### Brief
If pictures appear, leave them out, and return exactly the lines from the one holding "Syllables 2 recycling" through the last line of the listing below.

### Dataset section
::::::::::

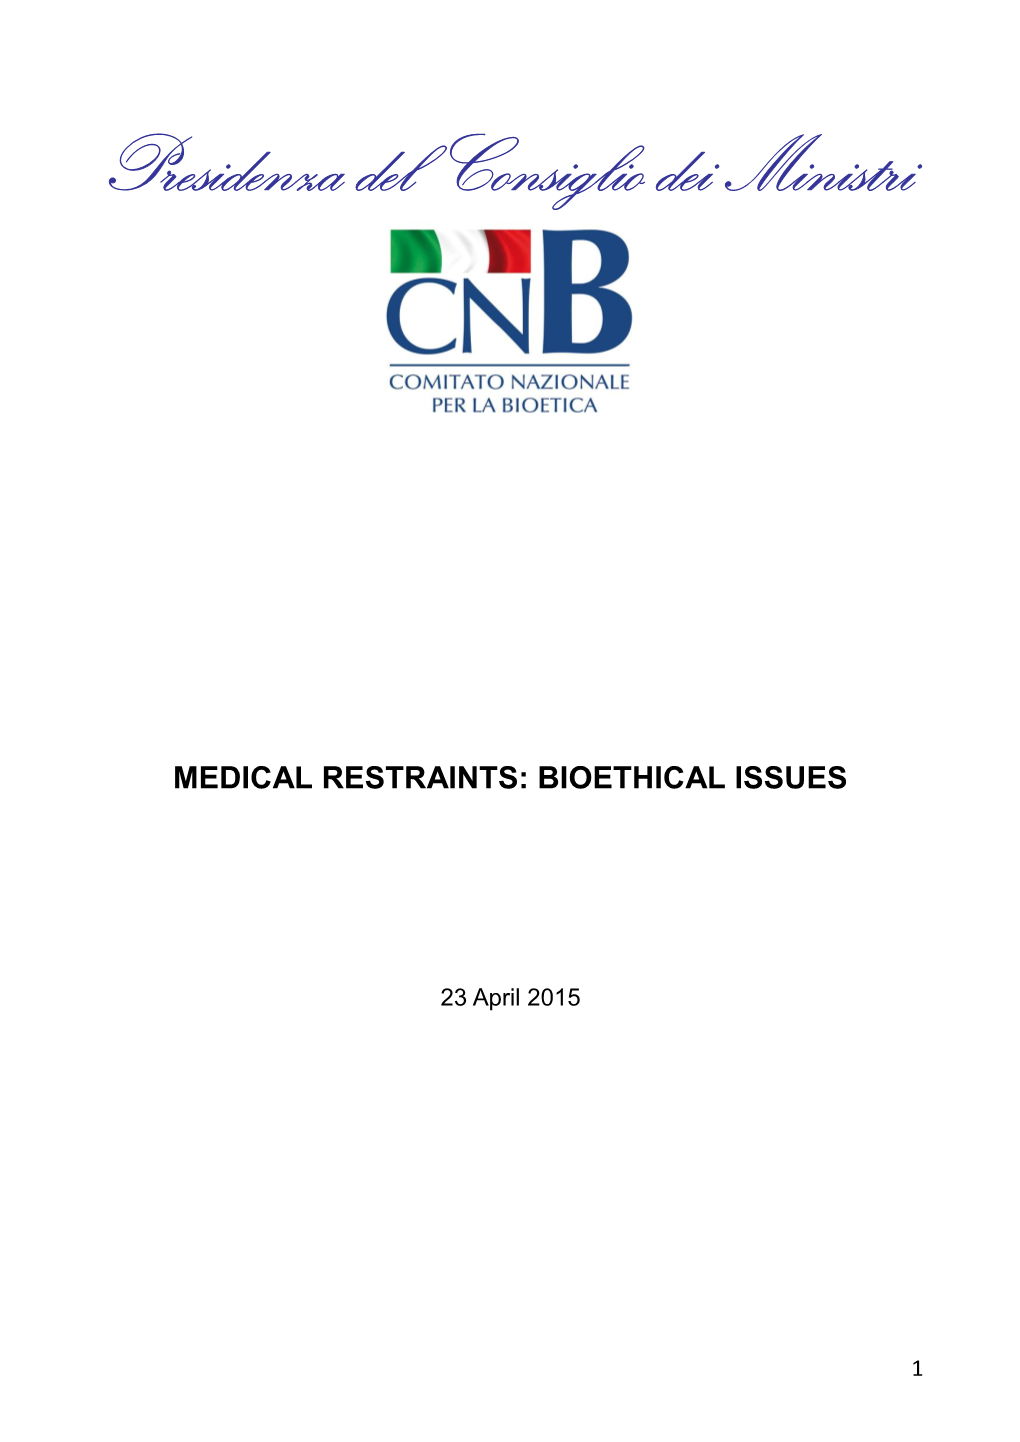 Medical Restraints: Bioethical Issues
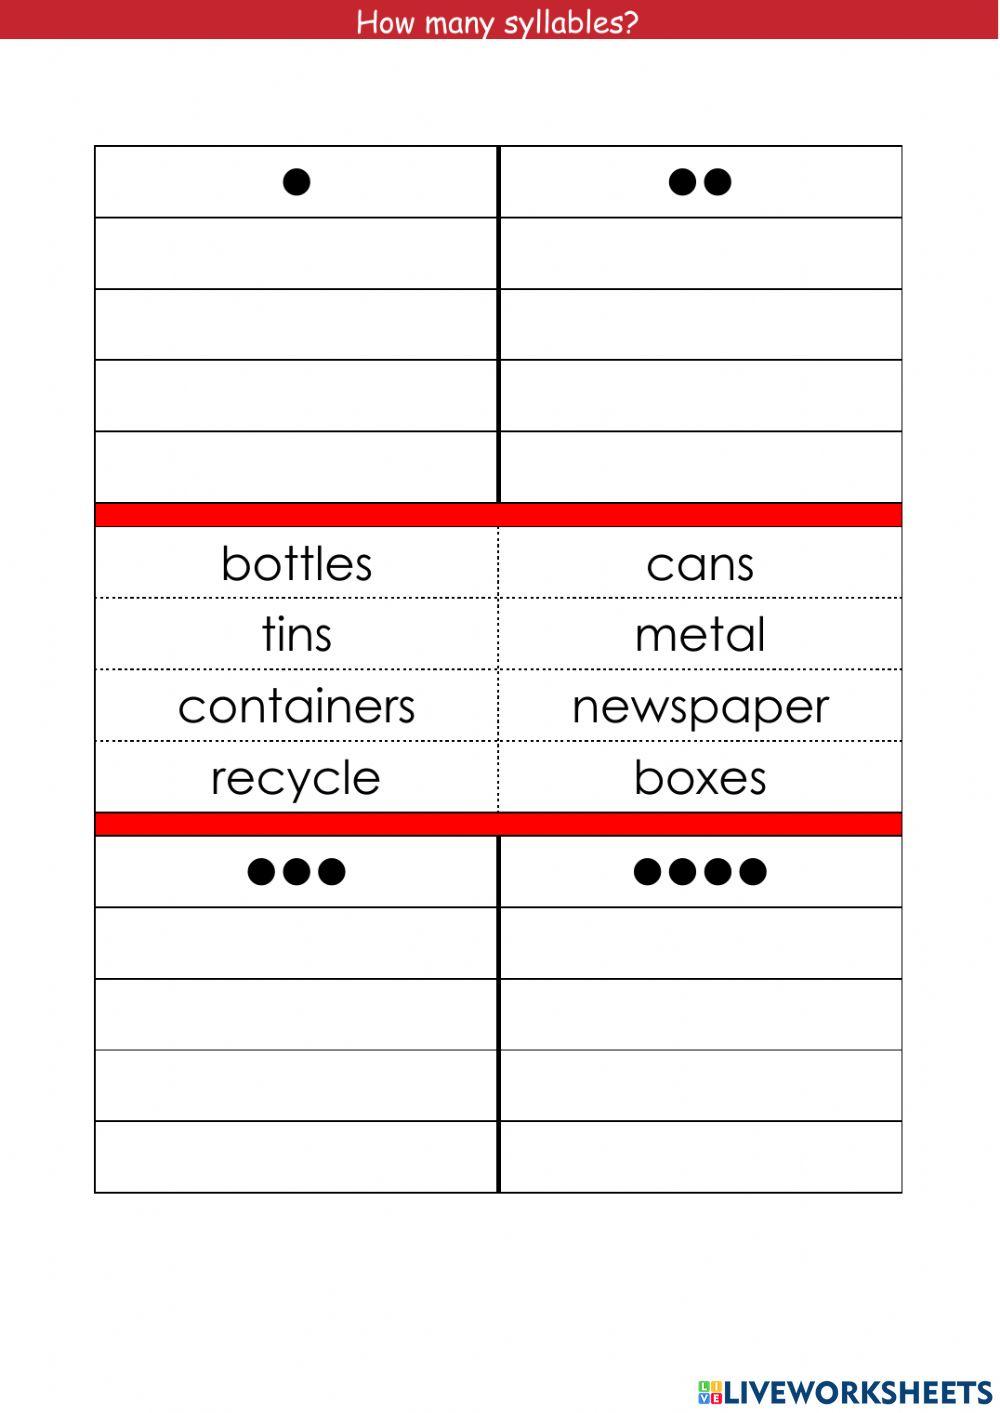 Syllables 2 recycling
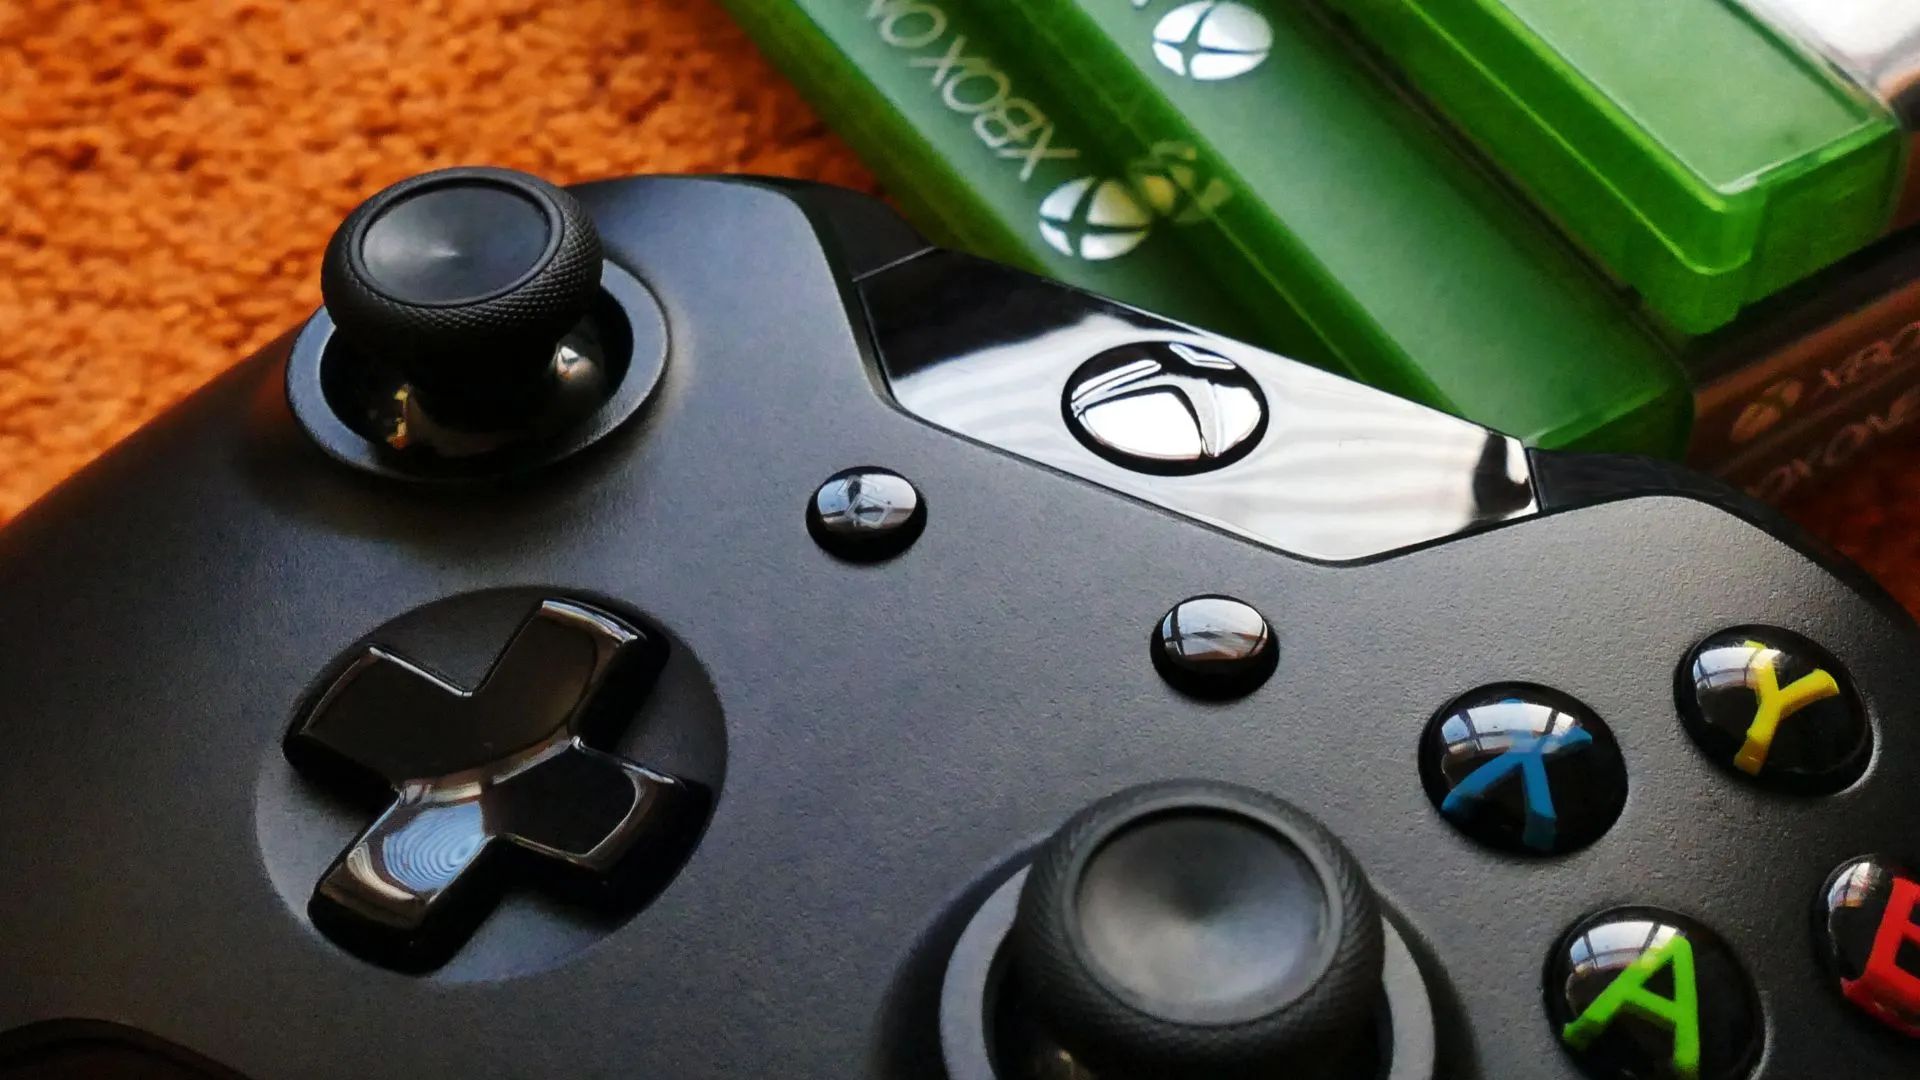 How To Get Xbox To Download Games While Off

::::::::::

### Completed task
 Syllables 2 recycling
 How To Get Xbox To Download Games While Off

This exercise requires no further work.